Hace una semana escribí una columna sobre un fenómeno relacionado: las reuniones previas a la reunión formal, en las que se construyen consensos, se ajustan argumentos y se preparan propuestas antes de llevarlas al espacio institucional. A raíz de esa publicación, varios lectores me compartieron comentarios y experiencias que apuntaban a una práctica más delicada, que también mencioné brevemente: el actuar en la sombra. Un término que merecía esta segunda mirada. Porque la sombra, en este caso, no es una metáfora literaria sino una forma de poder que opera al margen de la deliberación legítima y que puede hacerle un daño profundo a la vida organizacional.
Es importante, sin embargo, no confundir dos cosas. No toda conversación previa a una reunión formal es una señal de exclusión o de mala práctica. Es completamente natural —y, de hecho, útil— que dos o más miembros de un comité o junta intercambien ideas, prueben hipótesis o construyan propuestas antes de llevarlas a una discusión formal. Eso ocurre con frecuencia en entornos colaborativos donde se valora la preparación y el contraste de visiones. Esas no son reuniones en la sombra: son parte del trabajo legítimo de construir decisiones.

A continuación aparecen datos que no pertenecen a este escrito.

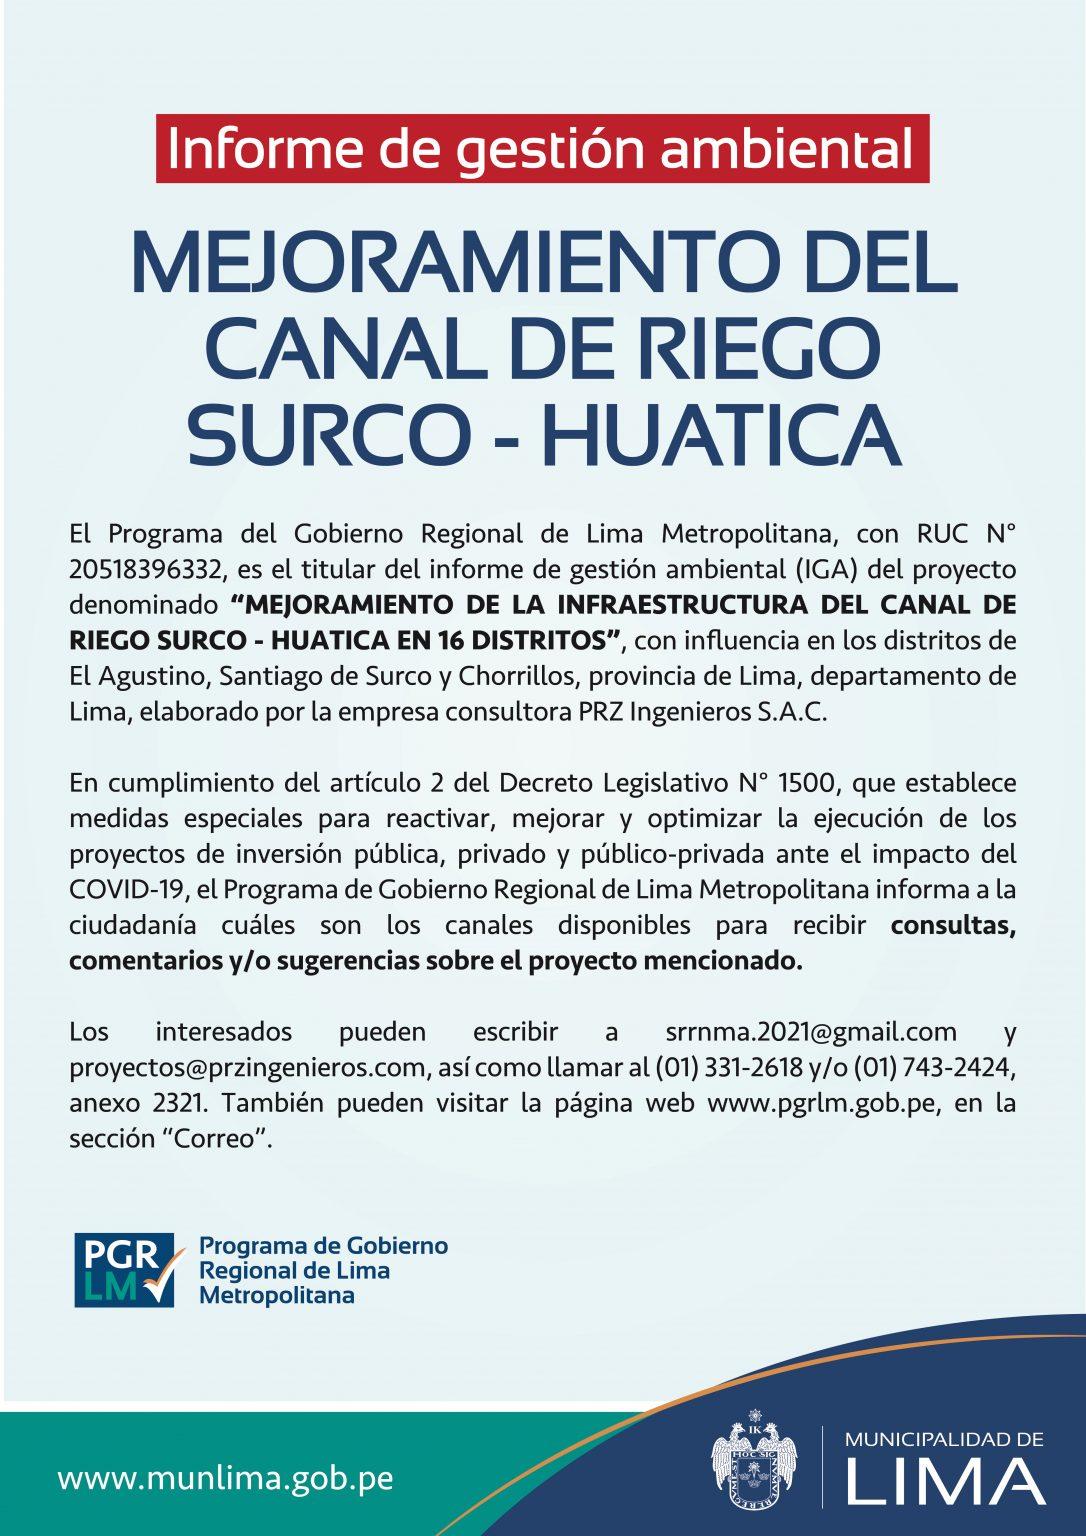 Canal Surco Huatica

El problema aparece cuando ese intercambio se convierte en una segunda agenda, deliberadamente cerrada, cuyo objetivo no es enriquecer la decisión colectiva, sino imponerla. Cuando se excluye de manera sistemática a ciertos miembros, no por razones prácticas, sino por cálculos políticos o estratégicos. Cuando no se informa, no se comparte, no se construye con el grupo completo, sino que se presenta una decisión ya tomada, disfrazada de consenso.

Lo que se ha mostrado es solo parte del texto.